A part quelques modérés, exceptions ne parvenant guère à se faire entendre, il y a deux visions complètement opposées entretenues savamment par des politiciens conscients de l’impériosité de maintenir ces différences pour continuer leur petit commerce.
 
Il en va de l’idée de la justice de ce qu’il en va du reste des notions et motivations de la société.
 
Il y a le camp de ceux qui proclament le châtiment sévère de tout acte délictueux ou criminel (droite).
 
Il y a le camp de ceux qui proclament que le délinquant ou le criminel est exclusivement le produit fabriqué par la société et qu’il n’est responsable de rien (gauche).
 
Et il y a ceux se regroupant en une caste transversale politiquement, mais se considérant comme élite socialement, qui pensent que ces deux visions précédentes s’appliquent uniquement aux autres et pas à eux-mêmes et qui jugent comme normal le privilège d’échapper à toute délinquance, à tout crime.
 
Il y a donc à mener, deux actions de moralisation de la vie publique en matière judiciaire :
 
Éliminer toute les failles et possibilités de contournements de lois que les puissants exercent actuellement avec les excellents résultats (excellents pour eux mais écœurants pour nous) d’échappatoire et d’impunité.
 
Mener une réflexion sur la part de responsabilité d’un délinquant ou d’un criminel sur l’acte commis. Il est trop facile de déclarer la totale responsabilité de la société sur tous les crimes et délits (gauche), ou bien la totale responsabilité de l’individu à chaque fois (droite). Ce n’est pas tout l’un ou tout l’autre. Parfois les responsabilités ont des circonstances atténuantes, des causes multiples.
 
Mais dans certains cas, peu nombreux, la responsabilité de l’individu peut être totale.

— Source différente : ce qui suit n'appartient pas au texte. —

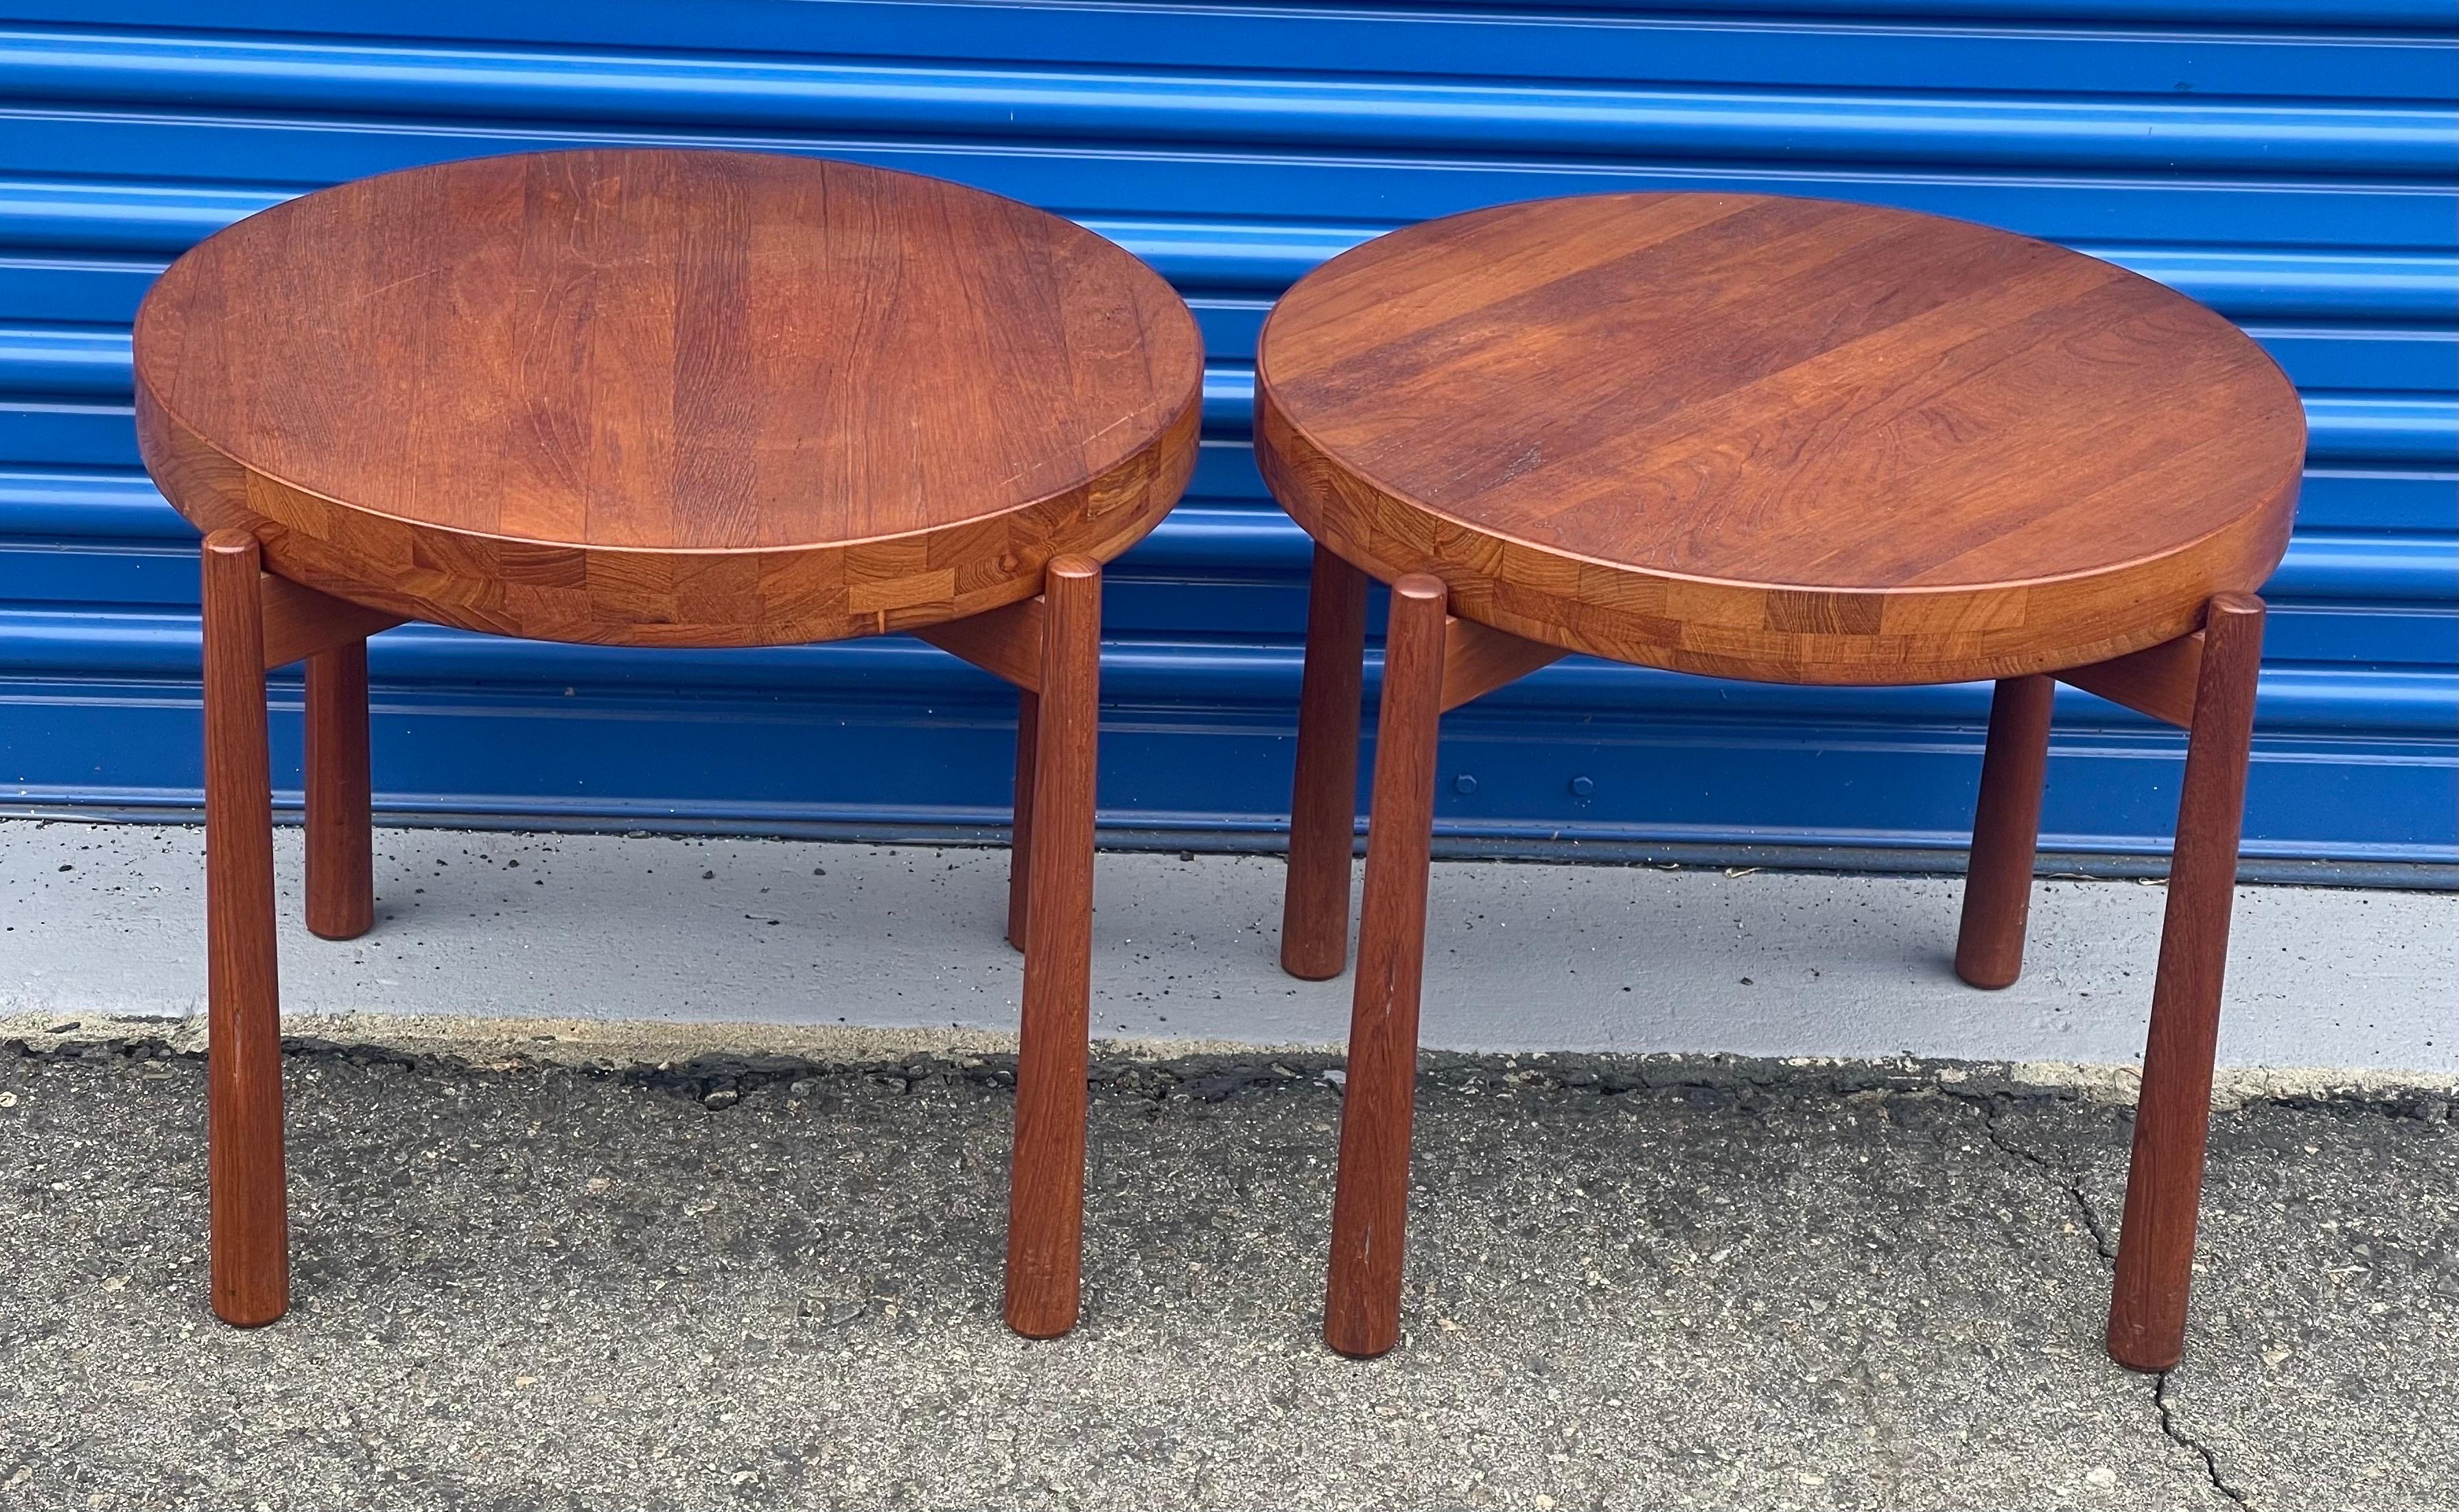 Pair of Teak Tray Side Tables Attributed to Jens Quistgaard for DUX of Sweden For Sale 5

De même la responsabilité de la société peut être totale.
 
C’est une sorte d’envie de ‘judiciairement correct’ qui corrompt la possibilité même du jugement juste et équitable par rejet systématique de recours à la sévérité.
 
Le premier problème est qu’actuellement nos instances dirigeantes et judiciaires ont tendance à tout mélanger. L’instinct meurtrier pathologique, lorsqu’il s’est concrétisé, devrait être châtié très sévèrement et les coupables mis définitivement hors de possibilité de recommencer, sauf évolution réelle de l’instinct desdits sujets. Le principe de précaution devrait prévaloir.
 
Le second problème est que pour le même acte exécuté avec les mêmes motivations, avec les mêmes circonstances atténuantes ou aggravantes, il est fait application de peines différentes. Il rêgne dans la magistrature et notamment au sein de son syndicat, une idéologie d'ultra-gauche totalement sociopathe et donc dépourvue d'esprit d'équité...
 
Ils n’osent pas le dire, mais il s’agit de ‘discrimination positive’, parfait instrument d’inégalité et d’injustice qui déclenche un sourd mouvement de colère parmi une population dépossédée de ce sentiment d’égalité et de ses droits de liberté et de fraternité qu’elle croyait inaliénables…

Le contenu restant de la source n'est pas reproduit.